# Tokenize into words

Keras provides the **text_to_word_sequence()** function that you can use to split text into a list of words.

By default, this function automatically does 3 things:

Splits words by space (split=” “).
Filters out punctuation (filters=’!”#$%&()*+,-./:;<=>?@[\\]^_`{|}~\t\n’).
Converts text to lowercase (lower=True).

In [1]:
from keras.preprocessing.text import text_to_word_sequence
# define the document
text = 'The quick brown fox jumped over the lazy dog.'
# tokenize the document
result = text_to_word_sequence( text,
                                filters='!"#$%&()*+,-./:;<=>?@[\\]^_`{|}~\t\n',
                                lower=True,
                                split=" ")
print(result)

Using TensorFlow backend.


['the', 'quick', 'brown', 'fox', 'jumped', 'over', 'the', 'lazy', 'dog']

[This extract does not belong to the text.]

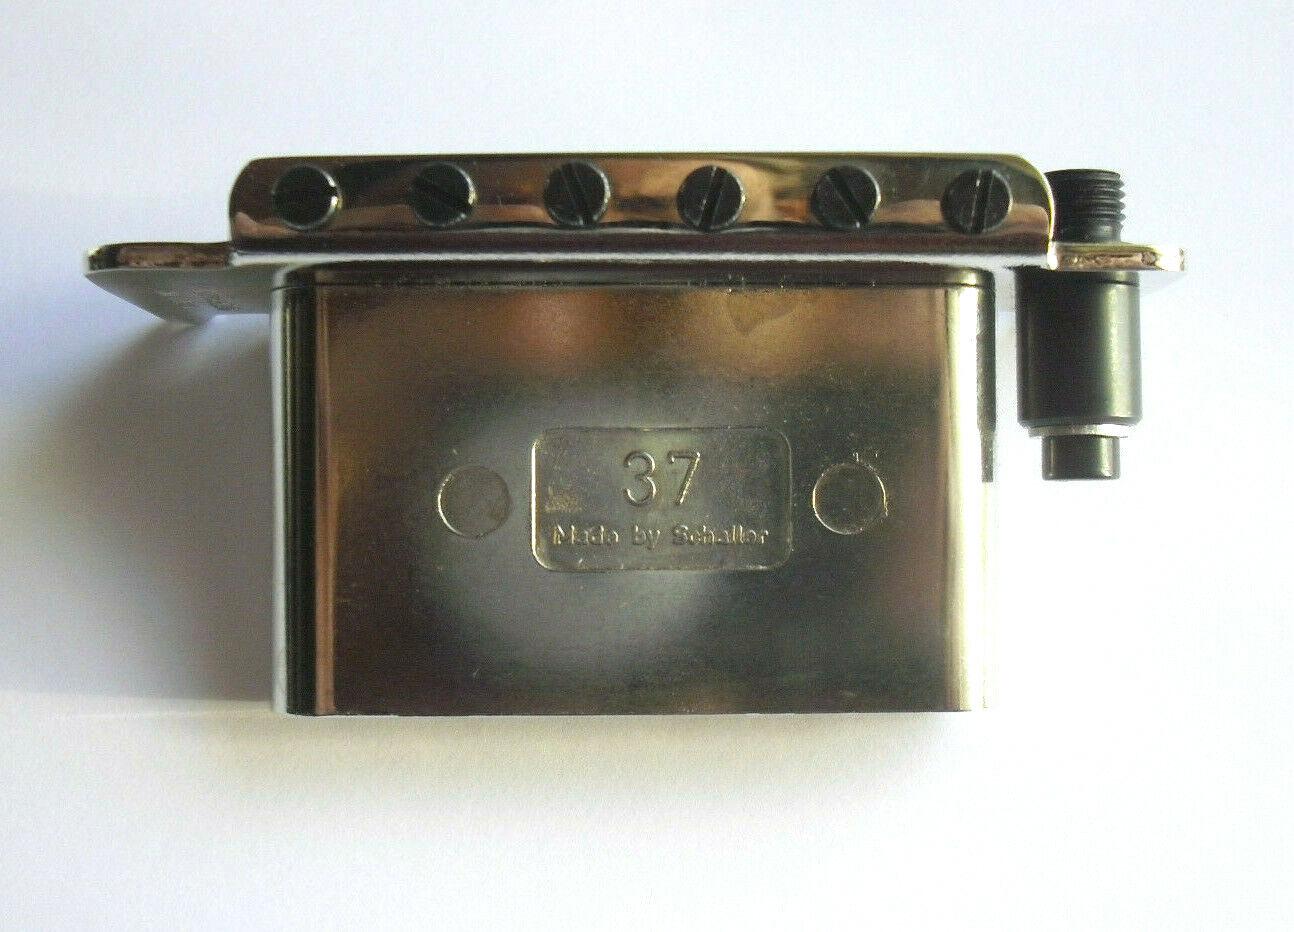 Schaller 4-Loch Buchsenblech Jack-Plate Schrauben gebogen Chrome inkl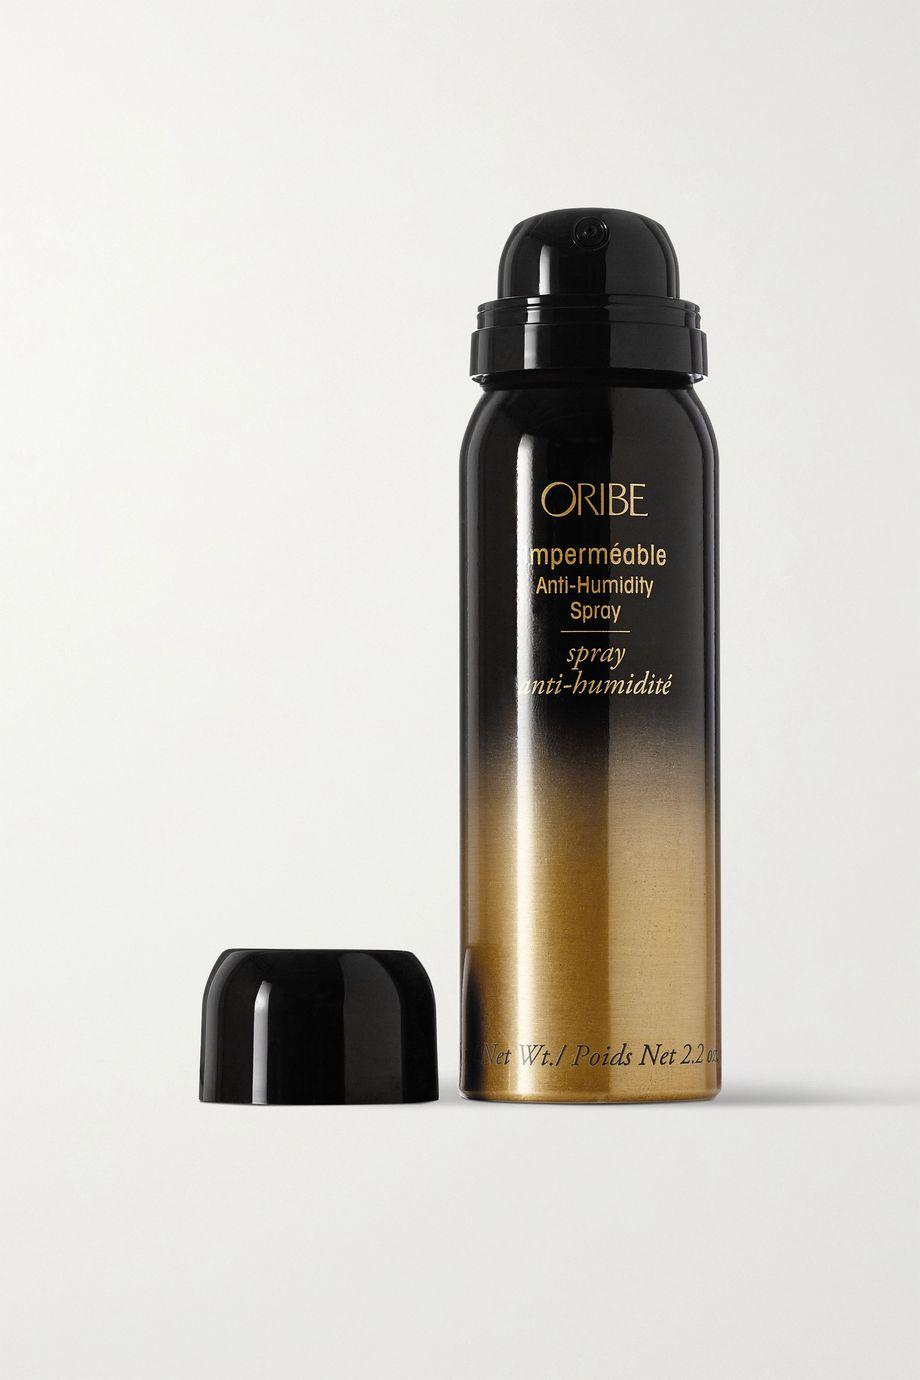 Oribe Travel-Sized Imperméable Anti-Humidity Spray, 75ml

# Build vocabulary - Encoding with one_hot

A document is represented as a sequence of integer values, where each word in the document is represented as a unique integer.
Keras provides **the one_hot()** function.

In [1]:
from keras.preprocessing.text import one_hot
from keras.preprocessing.text import text_to_word_sequence
# define the document
text = 'The quick brown fox jumped over the lazy dog.'
# estimate the size of the vocabulary
words = set(text_to_word_sequence(text))
vocab_size = len(words)
print(vocab_size)
# integer encode the document
result = one_hot(text, round(vocab_size*1.3))
print(result)

  from ._conv import register_converters as _register_converters
Using TensorFlow backend.


8
[3, 8, 4, 9, 5, 5, 3, 4, 6]


# Padding

In [38]:
from keras.preprocessing.sequence import pad_sequences
test=[[2, 3, 4, 5, 6, 7, 2, 8, 9, 10, 11], [2, 9, 12, 8]]
pad_sequences(test, maxlen=None, dtype='int32', padding='pre', value=0.0)


array([[ 2,  3,  4,  5,  6,  7,  2,  8,  9, 10, 11],
       [ 0,  0,  0,  0,  0,  0,  0,  2,  9, 12,  8]], dtype=int32)